Association of Olfactory Bulb Volume and Olfactory Sulcus Depth with Olfactory Function in Patients with Parkinson Disease • J. Wang, H. You, J.-F. Liu, D.-F. Ni, Z.-X. Zhang, and J. Guan
Before reading this article, I did not know that olfactory problems are as common as tremor in patients with Parkinson disease (70-90%). After rigidity/akinesia, olfactory dysfunction is the second most common symptom. Actually, Parkinson disease may be an olfactory disorder! Lewy bodies and subsequent atrophy happen initially in the olfactory bulbs and entorhinal cortex. The authors looked at olfactory bulb volume and depth of the olfactory sulci, correlated their findings with olfactometric tests, and compared their 20 patients with healthy controls. Abnormal volumes, depths, and olfaction tests were present in all patients with Parkinson disease but not in the controls. Their results provide evidence that early olfactory dysfunction in patients with Parkinson disease may be a primary consequence of damage to the olfactory bulb. Neuroimaging of olfactory structures together with the assessment of olfactory function may be used to identify patients with Parkinson disease.

Fellows’ Journal Club

Frequency and Location of Dilated Virchow-Robin Spaces in Elderly People: A Population-Based 3D MR Imaging Study • Y.-C. Zhu, C. Dufouil, B. Mazoyer, A. Soumaré, F. Ricolfi, C. Tzourio, and H. Chabriat
More about the perivascular spaces…where exactly are they located in older folks? We have come to accept the fact that as we get older, we have more of these and that patients with cerebrovascular disease also have more PVS. The authors used 3T and T1-weighted images from nearly 2000 individuals to evaluate the PVS. Dilated PVS were seen in the basal ganglia and white matter in all subjects and correlated with advancing age. Dilated PVS in the basal ganglia were more common in men. Large PVS were seen in one-third of individuals. Conclusion: dilated PVS were always detected in the basal ganglia or white matter in elderly people, and large PVS were also prevalent.

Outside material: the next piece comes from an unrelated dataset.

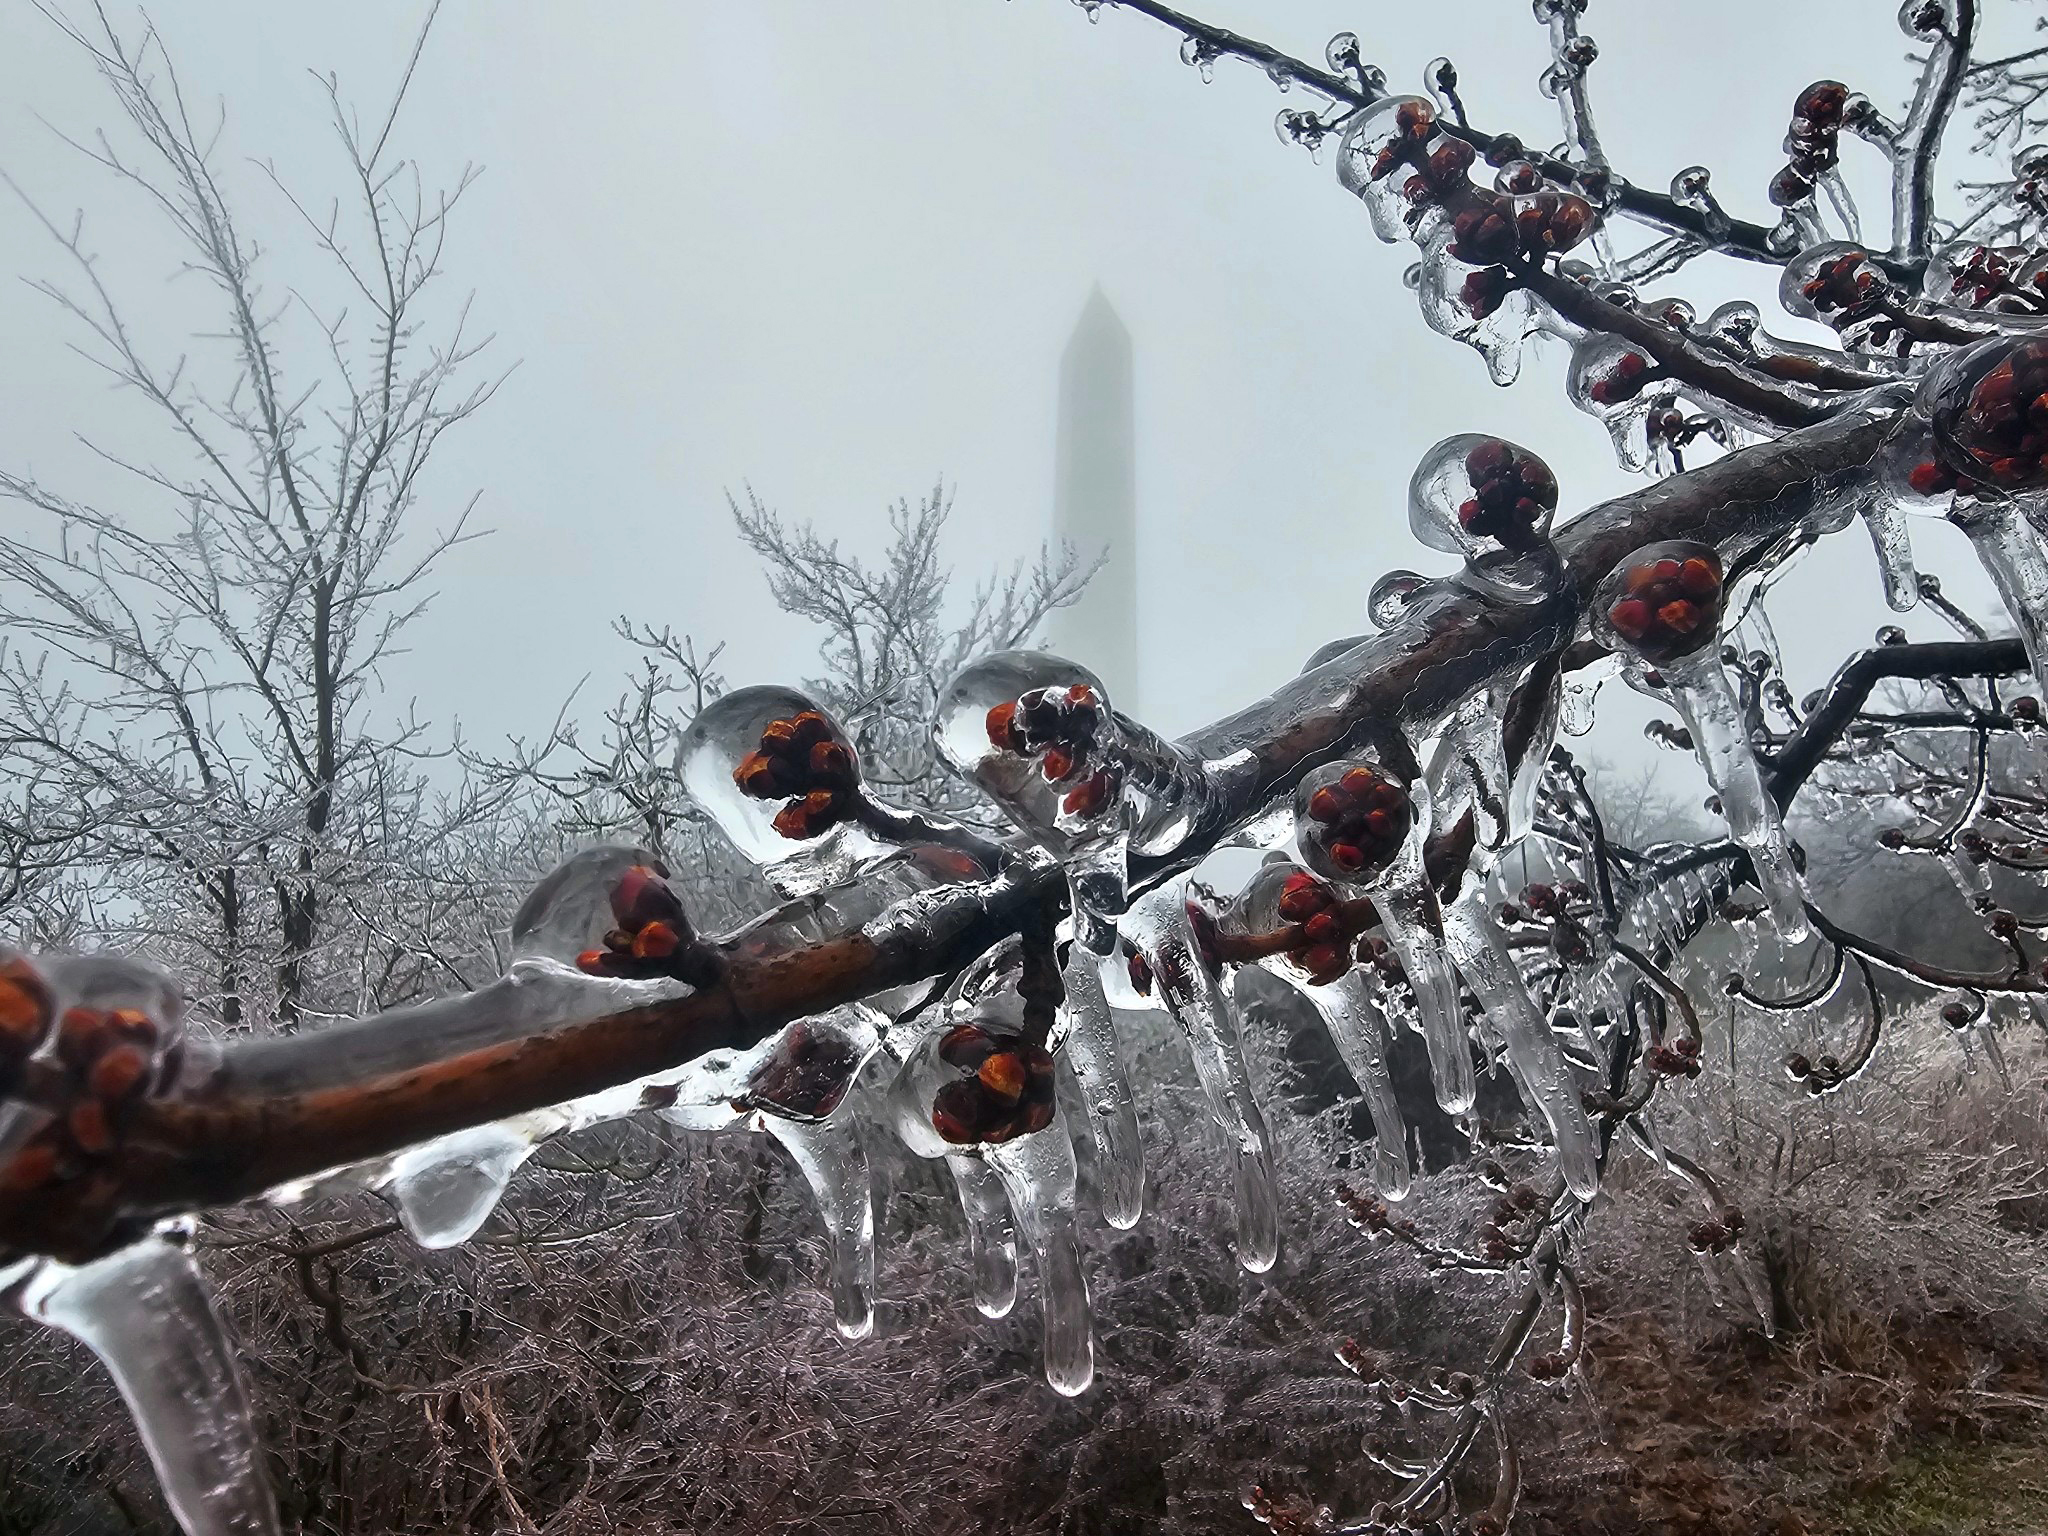 Ice-encased branch with High Point Monument in the background resulting from freezing rain on the morning of March 23rd (courtesy of Shawn Viggiano).

Carotid Artery Stenting without Angioplasty and Cerebral Protection: A Single-Center Experience with up to 7 Years’ Follow-Up • S. Baldi, T. Zander, M. Rabellino, G. González, and M. Maynar
When stenting a carotid artery there are options: performing angioplasty simultaneously and/or protecting the brain with specific distal devices. Do these 2 options make a difference in a patient’s outcome? Here, the authors prospectively identified 255 patients with symptomatic stenoses and/or high-risk morphology plaques and performed neurologic and carotid sonography before the procedure and at 1, 3, 6, and 12 months thereafter. The technique was successful in 99% of patients and complications were few, with 2 strokes (only 1 was disabling) and 1 transient ischemic attack. Nineteen patients re-stenosed and had to undergo angioplasties in follow-up sessions. The authors concluded that carotid stenting without angioplasty and protection is effective and safe with few complications and satisfactory clinical results.

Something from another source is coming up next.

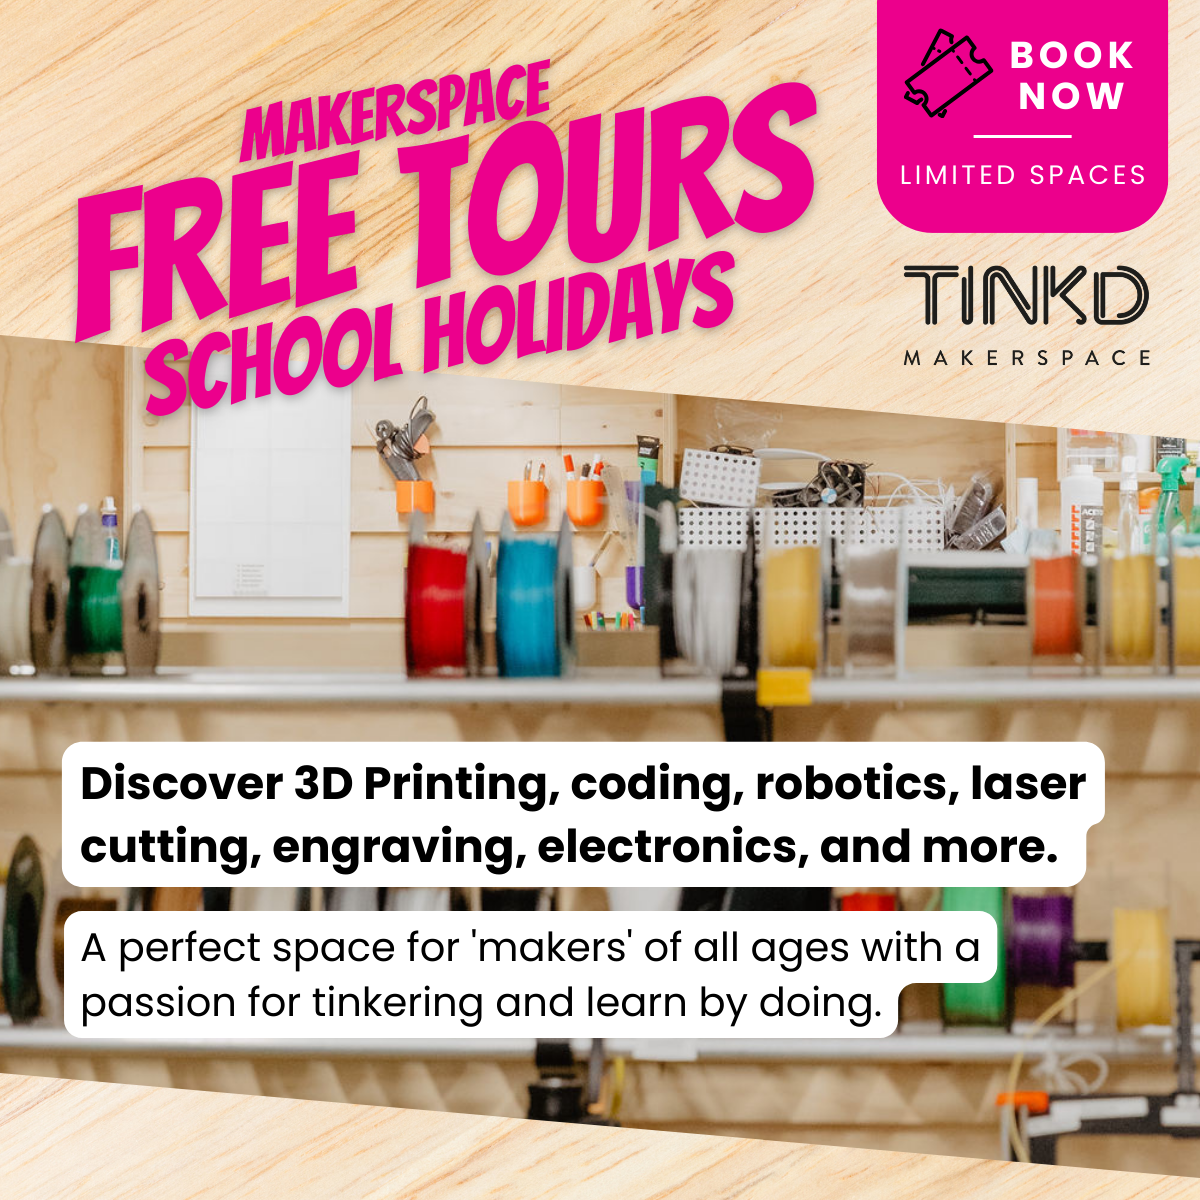 Come for a free tour of Tinkd Makerspace during the July school holidays in Tauranga

Prediction of Disease-Free Survival in Patients with Squamous Cell Carcinomas of the Head and Neck Using Dynamic Contrast-Enhanced MR Imaging • S. Chawla, S. Kim, L.A. Loevner, W.-T. Hwang, G. Weinstein, A. Chalian, H. Quon, and H. Poptani
This article attempts to employ Ktrans obtained from dynamic contrast-enhanced MR studies as a biomarker to establish prognosis in patients with squamous cell carcinomas of the head and neck. The authors measured the period of disease-free survival in 57 patients from the end date of chemoradiation therapy (either death or last clinical visit were taken as end points). Pretreatment Ktrans and nodal volume were computed from the largest metastatic node, and median pretreatment Ktrans and volume were used to divide patients into 2 groups. Thirteen of 57 patients had died by the last follow-up. Patients with higher pretreatment Ktrans values had prolonged disease-free survival compared with patients with lower Ktrans values. However, there was no significant difference in disease-free survival when nodal volume was used as a predictor. The conclusion: pretreatment Ktrans may be a useful prognostic marker in head and neck SCC.